A PROLIFIC burglar who raided 517 churches across England and Wales – including 32 in Suffolk – has been jailed for four years.Christopher Coulthard, 40, staked out his targets dressed as a tourist and carried tools for breaking into the churches in a camera bag.

A PROLIFIC burglar who raided 517 churches across England and Wales – including 32 in Suffolk – has been jailed for four years.

Christopher Coulthard, 40, staked out his targets dressed as a tourist and carried tools for breaking into the churches in a camera bag.

He had £2,450 cash when he was eventually caught and drove a car bought for £1,900 with the proceeds of his crimes, Swansea Crown Court heard yesterday.

Despite being a one-man crimewave, who committed an average of two break-ins a day over nine months, most raids went undetected.

The Crown Prosecution Service (CPS) said Coulthard, from Bedworth, Warwickshire, struck 32 times at churches in Suffolk, but officials could not specify individual offences.

The burglar was investigated for more than 20 further burglaries in the county and Suffolk police said last night they were waiting to hear from the CPS which raids he had confessed to.

Coulthard literally covered his tracks by throwing away shoes he wore during a break-in and carried a duster to wipe away fingerprints.

When he was arrested he made a "'full and frank" confession and later even advised police on how to improve church security.

He was caught in Aberystwyth, west Wales, in September after a local cleric reported him to police after growing suspicious. Detectives traced his car and tracked him down to a hotel in the town where they discovered maps showing his meticulously planned break-ins.

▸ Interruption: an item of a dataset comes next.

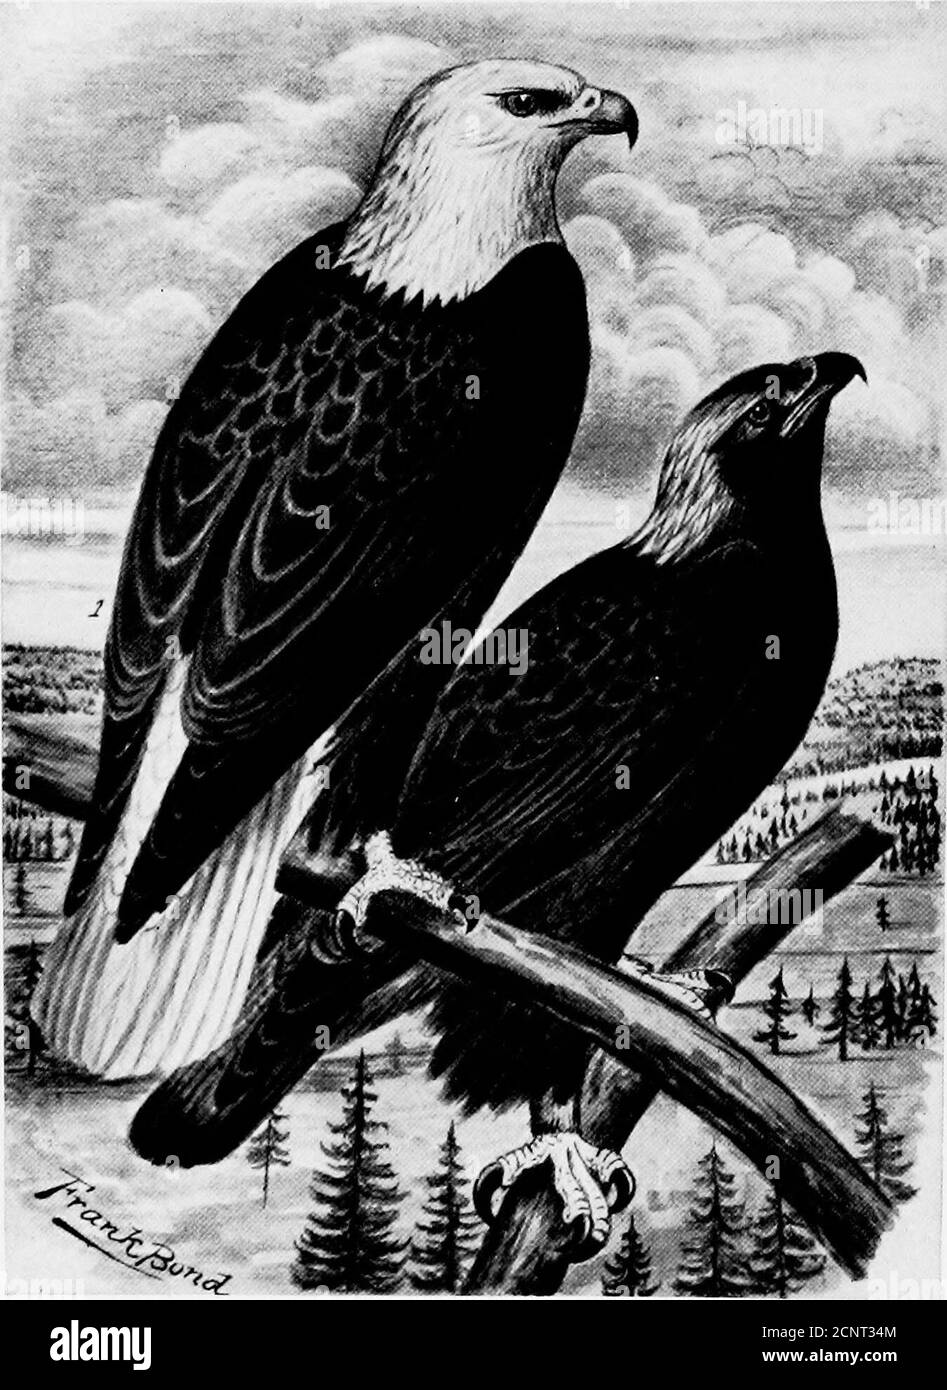 . The birds of Wyoming . BUTEO SWAINSONI.Normal Plumage. Swainsons Hauik.2. Melanistic Plumage.. /. HALI/EETUS LEUCOCEPHALUS. Bald Eagle. AQUILA CHRVSAETOS. Golden Eagle. The Birds of Wyoming. 71 Birds of prey always strike their talons deeply intotheir quarry before carrying it off, unless they are interruptedat the moment they strike. It is possible that.some of thestories found in the older books, especially those rela.ting toEurope, may be true, but we know of no authentic instancewithin the past fifty years of Eagles attacking children. On page 96 of the same publication, Fisher refers to Stock Photo

Judge Vivien Manning-Davies heard how most of Coulthard's crimes were committed in the nine months to last September.

Coulthard admitted 15 cases of burglary and one of attempted burglary and asked for 502 others to be taken into account. He targeted charity boxes and broke into safes but many break-ins were so well planned nobody knew he had ever been there.

James Jenkins, for Coulthard, said: "If you want to see it in religious terms he has made a good confession."

Catherine Richards, prosecuting, said Coulthard had targeted churches in North Yorkshire, the Midlands, Gloucester, Herefordshire, East Anglia, Devon, Cornwall and all over Wales.

He travelled from town to town staying in small hotels and visiting churches marked on Ordnance Survey maps to size them in advance.

He escaped with up to £600 a time, targeting collection boxes, and listing churches on a map, with terms like "rich pickings", which were ripe for a second attempt. Miss Richards said he would not target churches in towns for fear of being recorded on CCTV.

Judge Manning-Davies said pre-sentence reports showed Coulthard had been a burglar since he was 13 and branded the offences "shocking" and "disgusting". He said: "Thousands of people must have been affected by your offences. It seems to me that no place of worship is safe from you."

The judge said he acknowledged Coulthard had never stolen church artefacts and had freely admitted hundreds of similar break-ins which would otherwise have been undetected. He jailed Coulthard for four years for the 15 separate break-ins and for two years, to run concurrently, for the attempted break-in.

After the hearing, Owain Richards, of Dyfed Powys Police, said: "It was really shocking. The numbers involved and the geographical area was immense."